Santi preganti on the beach

La “live artistic performance” itinerante dei “Santi preganti” ideata dall’artista d’origini abruzzesi Vincent Giannico ha vissuto domenica 16 u.s. la sua ennesima incarnazione ribattezzata “Santi preganti on the beach”, suggellando a suo modo la fine della stagione estiva. I tre ragazzi chiamati da Vincent a vestire i paramenti dei “Santi”, Emiliano quelli di San Giuseppe Jato, Michele quelli di San Gennaro Vesuviano, Danilo quelli di San Luca, hanno consumato un centinaio di chilometri di spiagge e battigie, visitando i lidi di tutti i comuni costieri abruzzesi. Partiti alle sei del mattino, il terzetto mistico ha fatto tappa a San Salvo, Vasto, Casalbordino, Torino di Sangro, Fossacesia, Rocca San Giovanni, San Vito Chetino, Ortona, Francavilla al mare, Pescara, Montesilvano, Città Sant’Angelo, Silvi, Pineto, Roseto, Giulianova, Tortoreto, Alba Adriatica, Martinsicuro, per poi fare rieto solo all’imbrunire, intorno alla venti, salutati dalle lacrime di alcune nuvole serali.

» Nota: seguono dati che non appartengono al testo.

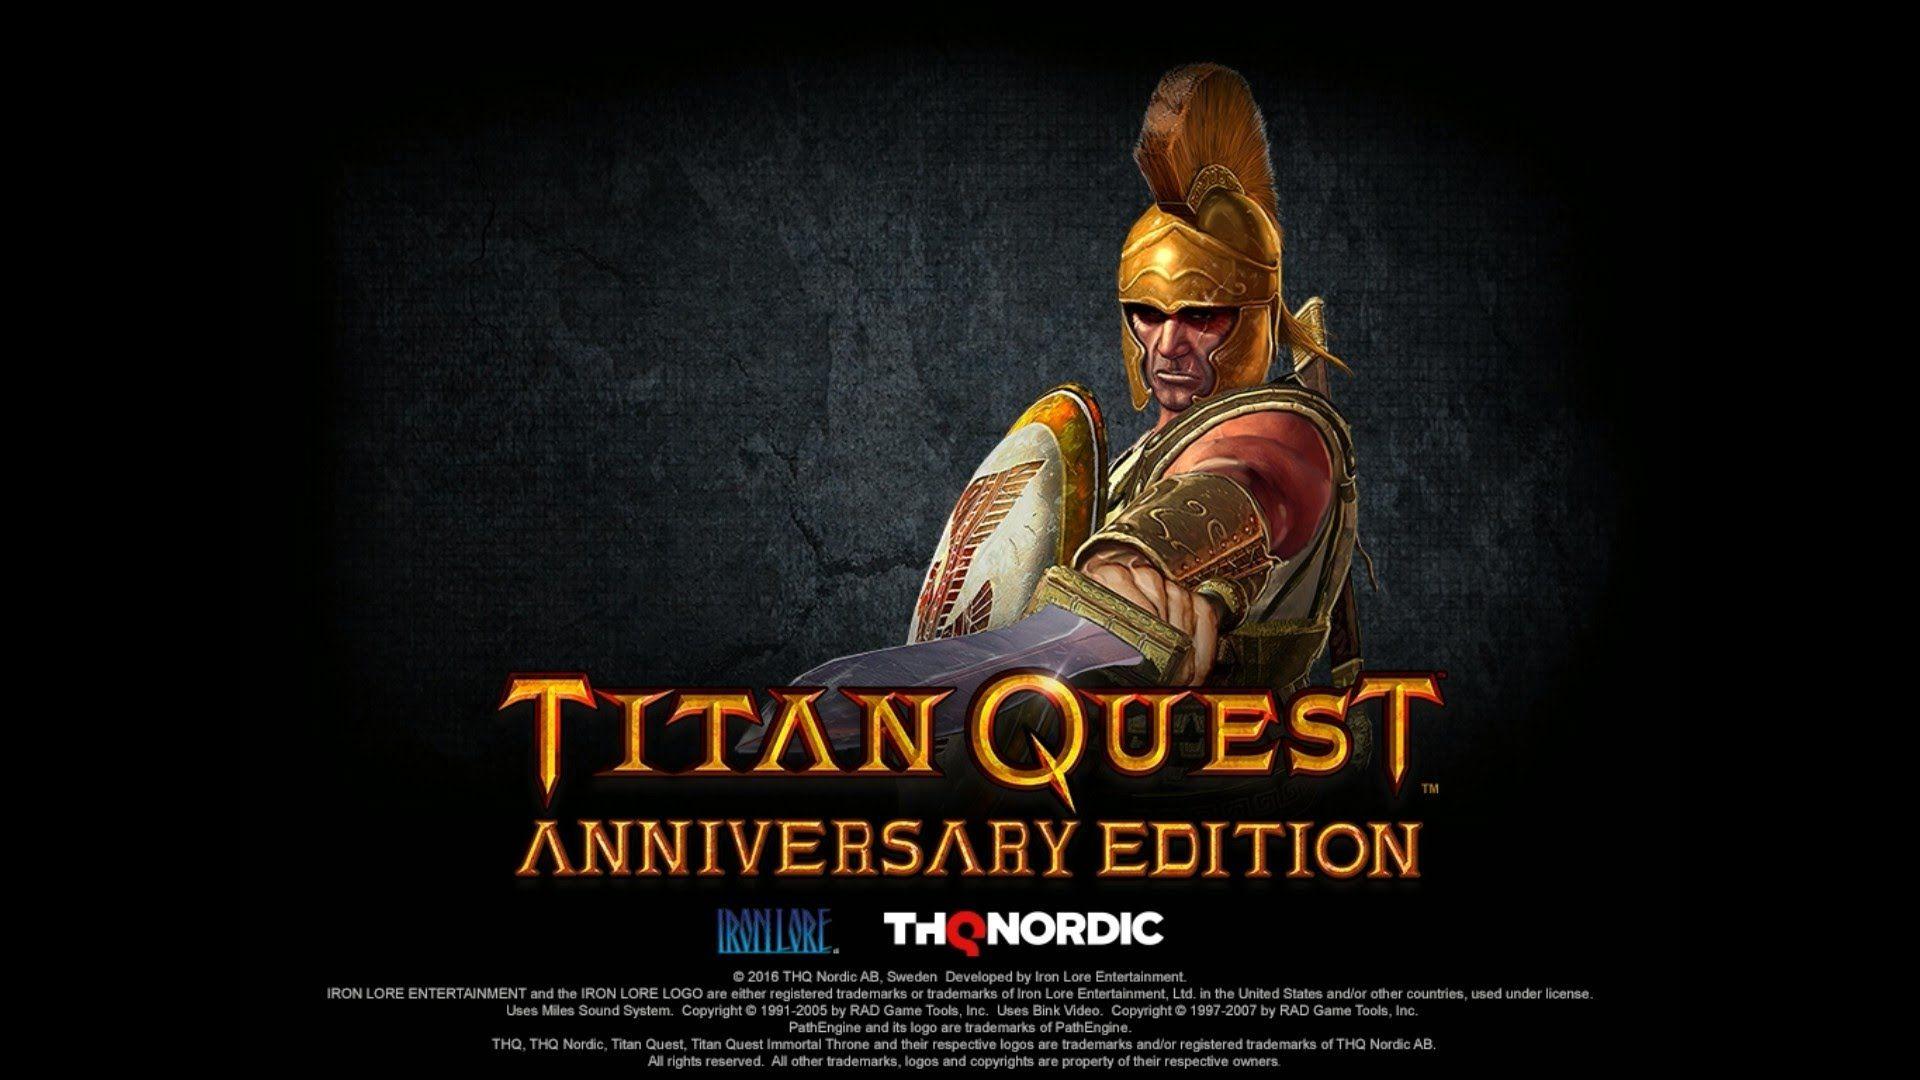 instal the last version for windows Titan Quest Anniversary Edition

“Siamo: San Giuseppe Jato, San Luca, San Gennaro Vesuviano. Ma anche comuni delle province di Palermo , Reggio Calabria e Napolinei quali, purtroppo, sono presenti Mafia, ‘Ndrangheta e Camorra. Con la speranza che qualcosa cambi e vengano tempi migliori, noi…..PREGHIAMO!!!”

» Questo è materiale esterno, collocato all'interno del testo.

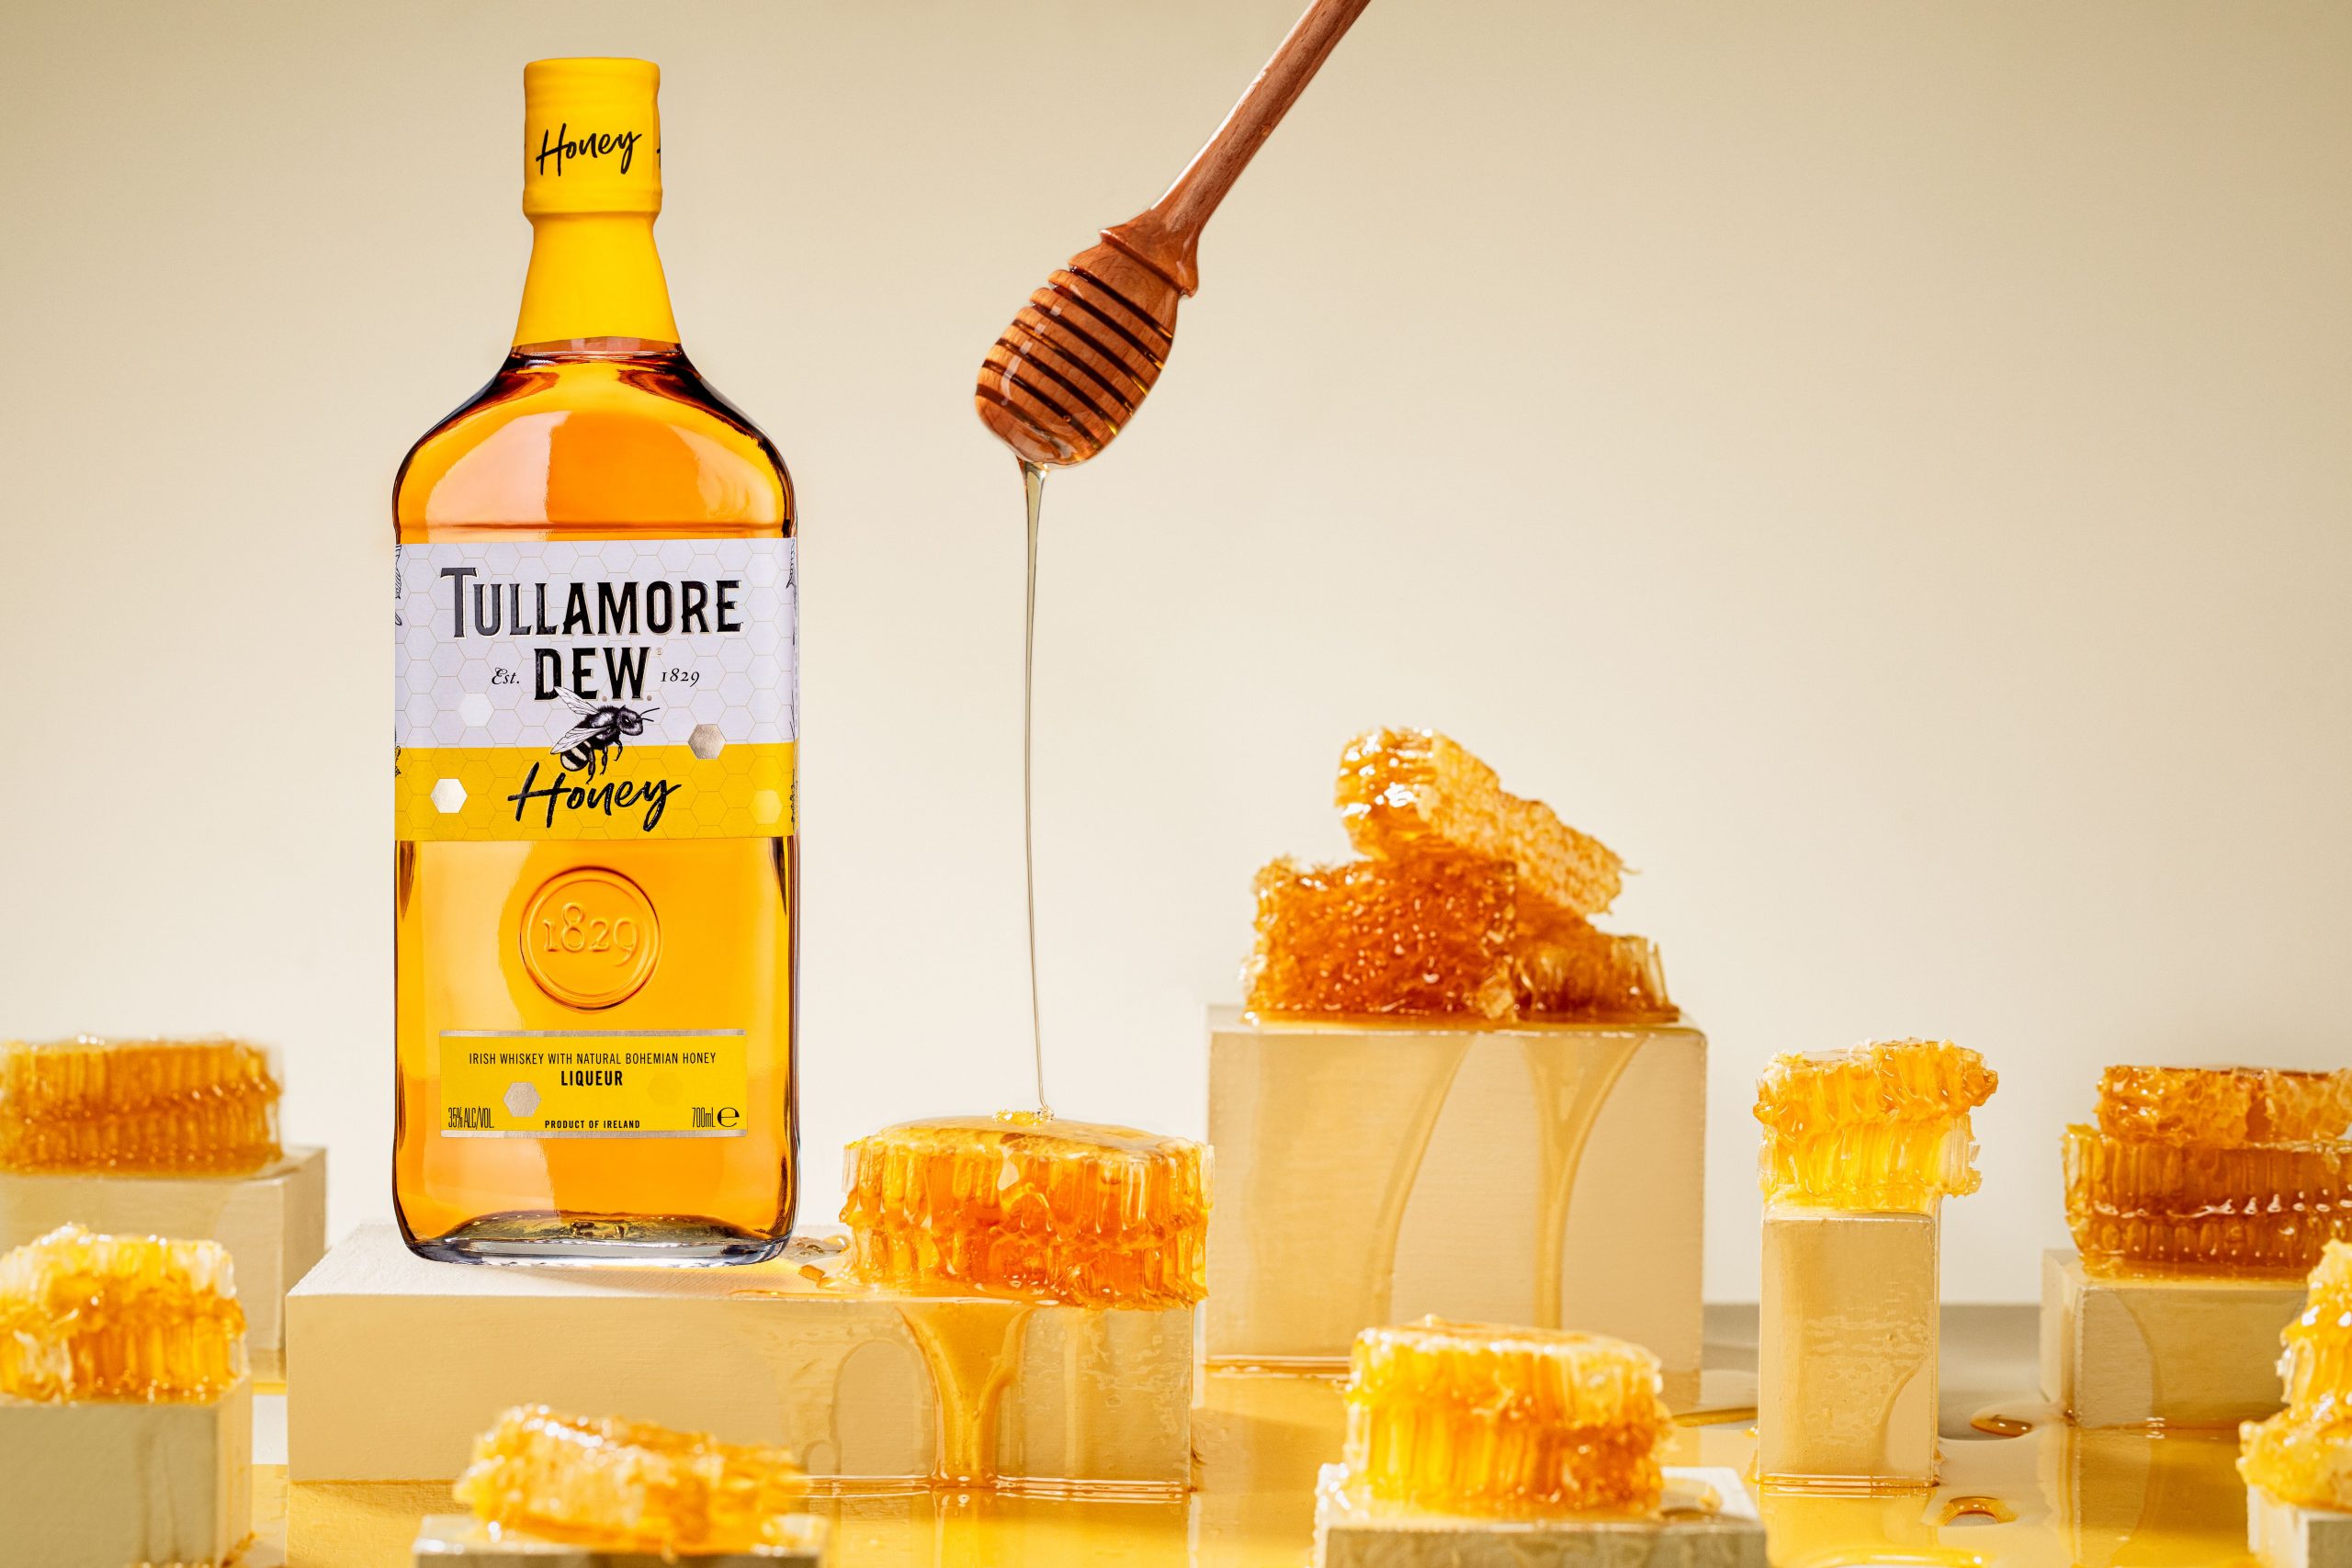 Tullamore D.E.W introduces new whiskey innovation Tullamore D.E.W. Honey

Questa la dichiarazione d’intenti stampigliata sul manifesto che da quasi due anni accompagna il percorso europeo intrapreso dai tre “Santi”, iter inaugurato il 26 gennaio 2006 sul marciapiede prospiciente l’ingresso della trentesima edizione dell’”Arte Fiera” di Bologna, e proseguita attraverso l’Europa toccando ben 73 città tra le quali Berlino, Milano, Roma, Barcellona, Basilea, Palma di Majorca, e La Valletta in Malta.

A tal punto immerso nella ieratica “micro-atmosfera” evocata dalla performance, circondati dai versi crepuscolari dei gabbiani che punteggiavano il cielo terso, Michele, uno dei figuranti, ha portato con sé un quaderno di sue poesie per rinsaldare il clima spirituale dell’evento. Le reazioni del pubblico sono state tra le più disparate: dalla cauta curiosità degli uomini al vivo interesse delle donne, alle giocose domande dei bambini che al primo impatto scambiavano l’evento per una sorta di presepe vivente.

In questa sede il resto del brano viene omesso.